I'm not thrilled, as an educator and program coordinator at a university. Instinctively, I oppose cuts to education. The problem is, when I review the state budget I don't see many places to cut. The largest expenses in Minnesota and most other states are education and public assistance programs. We already underfund our schools and colleges, resulting in school closures and rising tuitions.

Minnesota has serious problems with infrastructure, too. Our roads are crumbling, bridges collapsing, and even the Metrodome deflated. This is a state in ruins. I also know my property taxes in Minnesota are slightly more than ten times what my parents pay in California. There is a limit to what people can afford. I don't have a good solution. If anything, every practical solution is going to hurt someone. My wife and I are leaving the state, in part because of the cost of living and ever-rising taxes.

I'm wondering if an activist at AuSM was simply trying to pre-emptively argue against cuts before other advocacy groups serving other constituencies did the same. I anticipate this occurring in most states and at the federal level: "Don't cut our program X. Cut program Y, first!" Sadly, groups are going to be pitted against each other more dramatically than at any time in recent memory.
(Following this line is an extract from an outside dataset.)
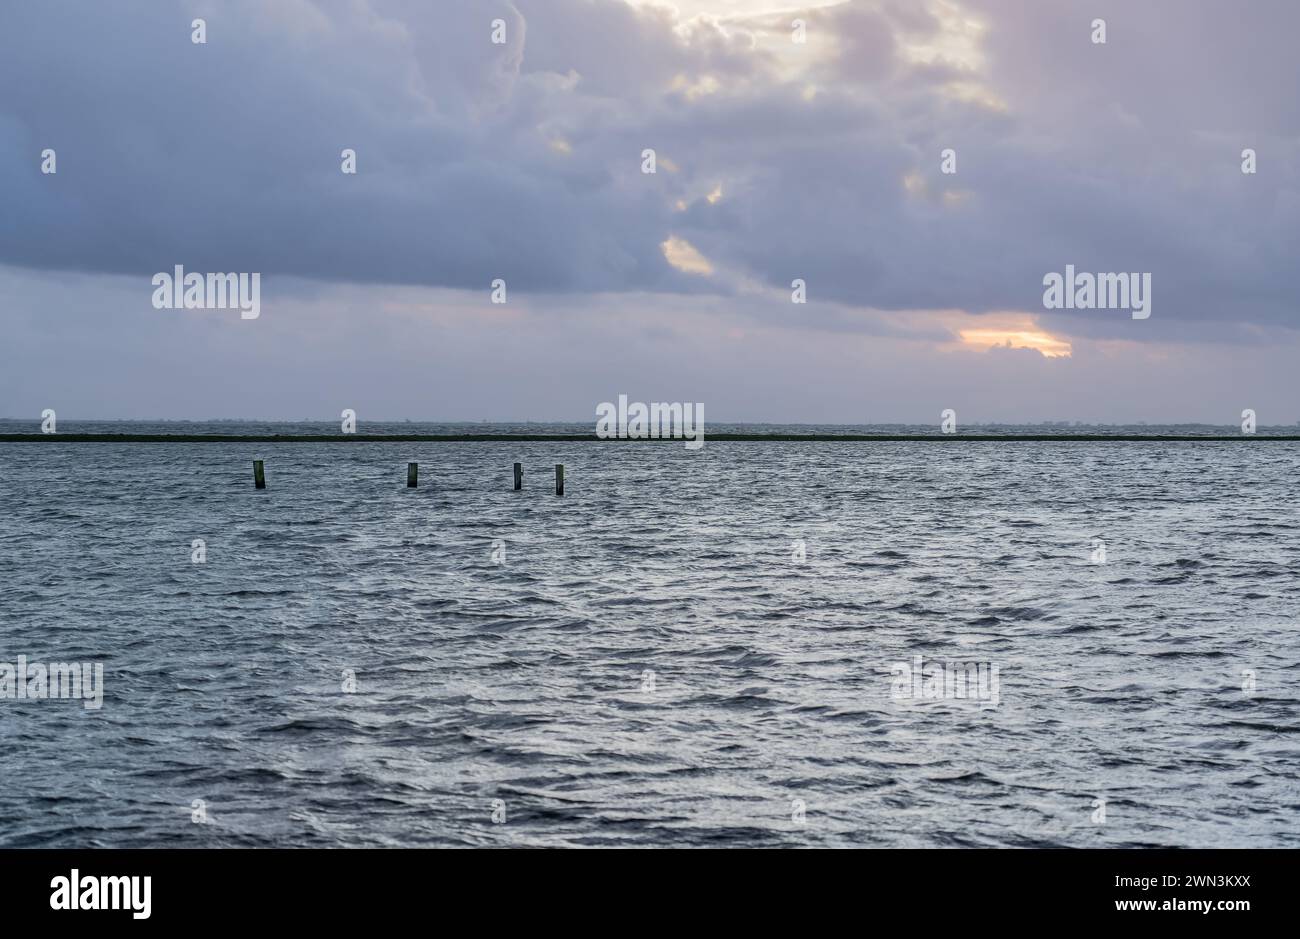 Das ruhige Wasser des überfluteten Überlaufgebietes reflektiert Pastelltöne des Abendhimmels, Deich grenzt an den See in ruhiger und malerischer niederländischer Landschaft Stockfoto

Note: For those outside Minnesota, some important background: Dr. Banaian is an economist. Not just any economist in this state, either. He is professor and chairman of the Economics Department at St. Cloud State University. He is also director of the Center for Economic Education in Midstate Minnesota. I should disclose that I have met Dr. Banaian once and have followed his public statements on the economy for several years. I don't always agree with him, but he definitely knows how lousy the budget situation is.